Kramarae maintains that “technology” should not be thought of as machines, but as social relations --communication systems which facilitate or hinder various kinds of communication. The specific type of technology she focuses on is the sewing machine, an icon for all technology. She maintains that the sewing machine was advertised as something that would revolutionize women’s sewing. Unfortunately, while it did revolutionize women’s work, it disbanded women’s social time together in sewing circles and moved women into sweatshops, where their interaction was virtually nonexistent. Therefore, to the extent that the sewing machine lessened the quality of the social lives of the users of that technology, it was bad. She criticizes technological development because it has historically excluded women. That is, when we think about technology, we tend to think of science and, therefore, men.

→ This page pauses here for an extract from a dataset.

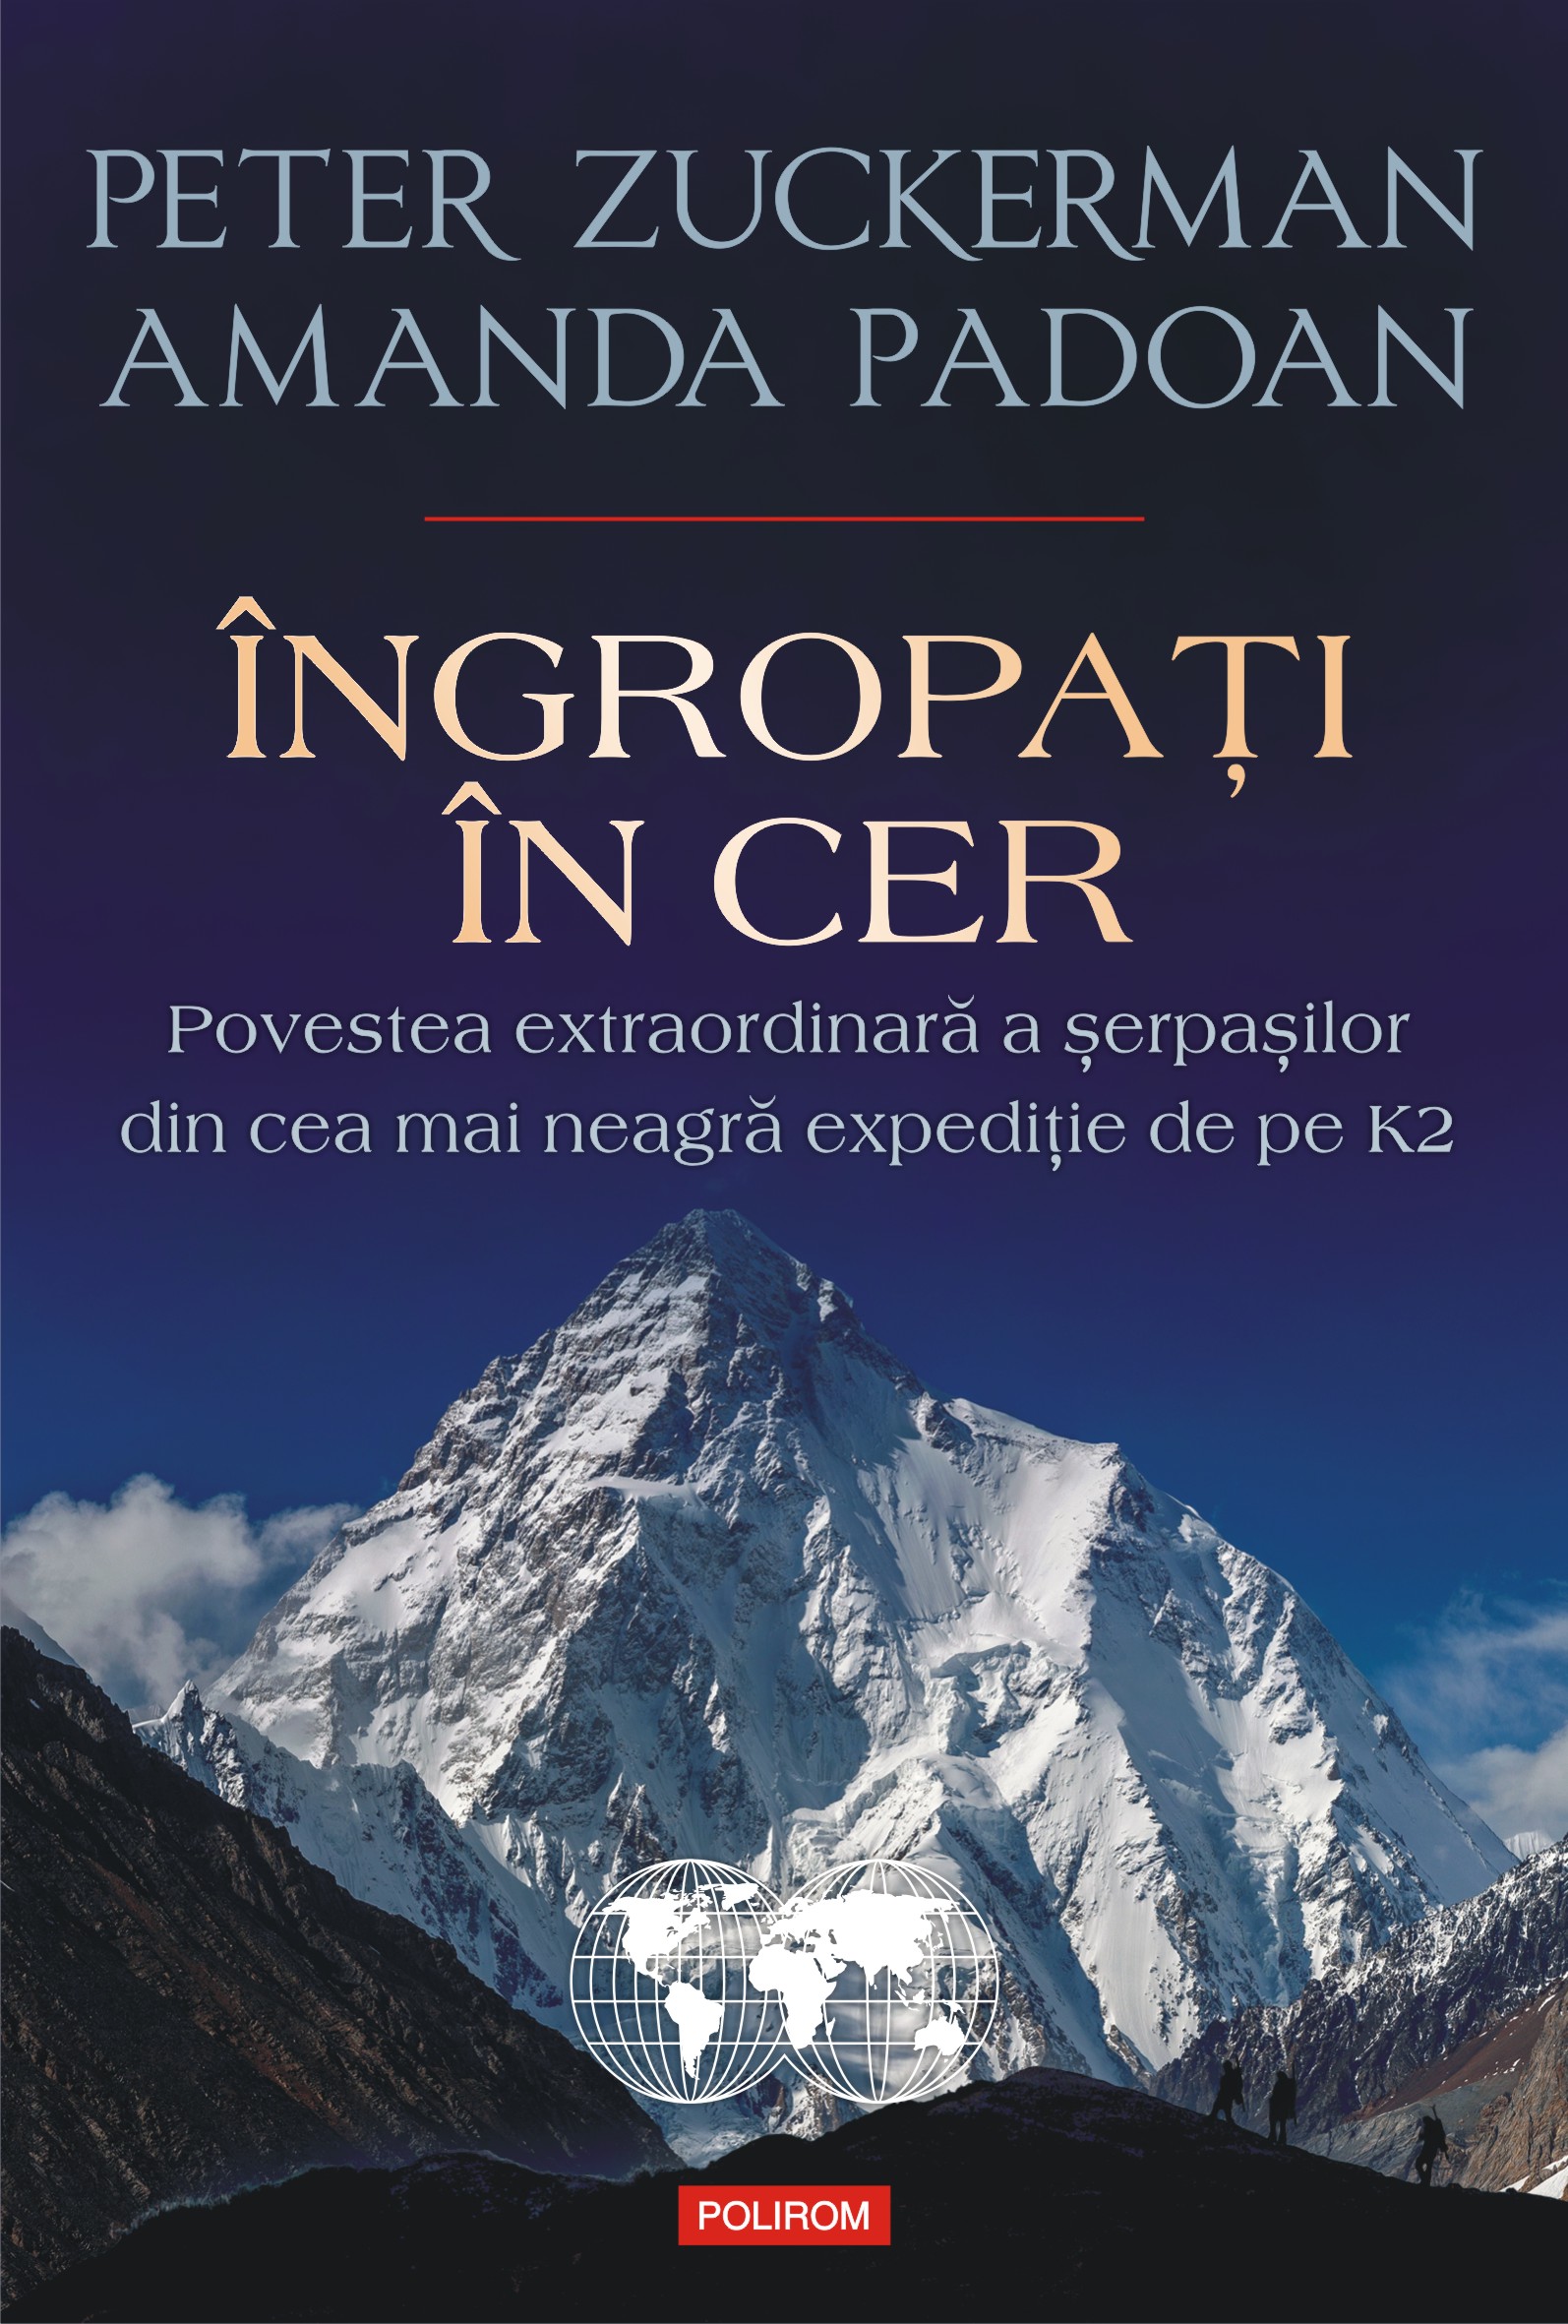 eBook Ingropati in cer. Povestea extraordinara a serpasilor din cea mai neagra expeditie de pe K2 - Amanda Padoan

Like Marilyn French, Kramarae is, in part, an “ecofeminist” seeking ways to make new and positive links
with the environment. For scholars such as French and Kramarae, humans are intimately linked with nature, and therefore, we must incorporate the needs of both humans and nature into our policy making decisions. In contrast to French however, Kramarae thinks of language as a way to help us make connections with the environment. She envisions language as the way to establish a peaceful coexistence on earth.
There are a number of ways that the debater could incorporate Kramarae’s work into a debate round. The clearest avenue would be as a critique of sexist language. For example, the debater could critique evidence that uses sexist language. In addition, the debater could argue that the language assumed in certain values is inherently sexist The debater can also use Kramarae’s perspective to evaluate societal discrimination.
Because Kramarae focuses on both explicit and implicit forms of discrimination, the debater may be able to reveal how the opposition’s value(s) implicitly perpetuate sexism. An additional avenue available to debaters is her critique of technology and progress. Any value or debate that advocated technology and/or progress could be critiqued by the debater as inherently sexist.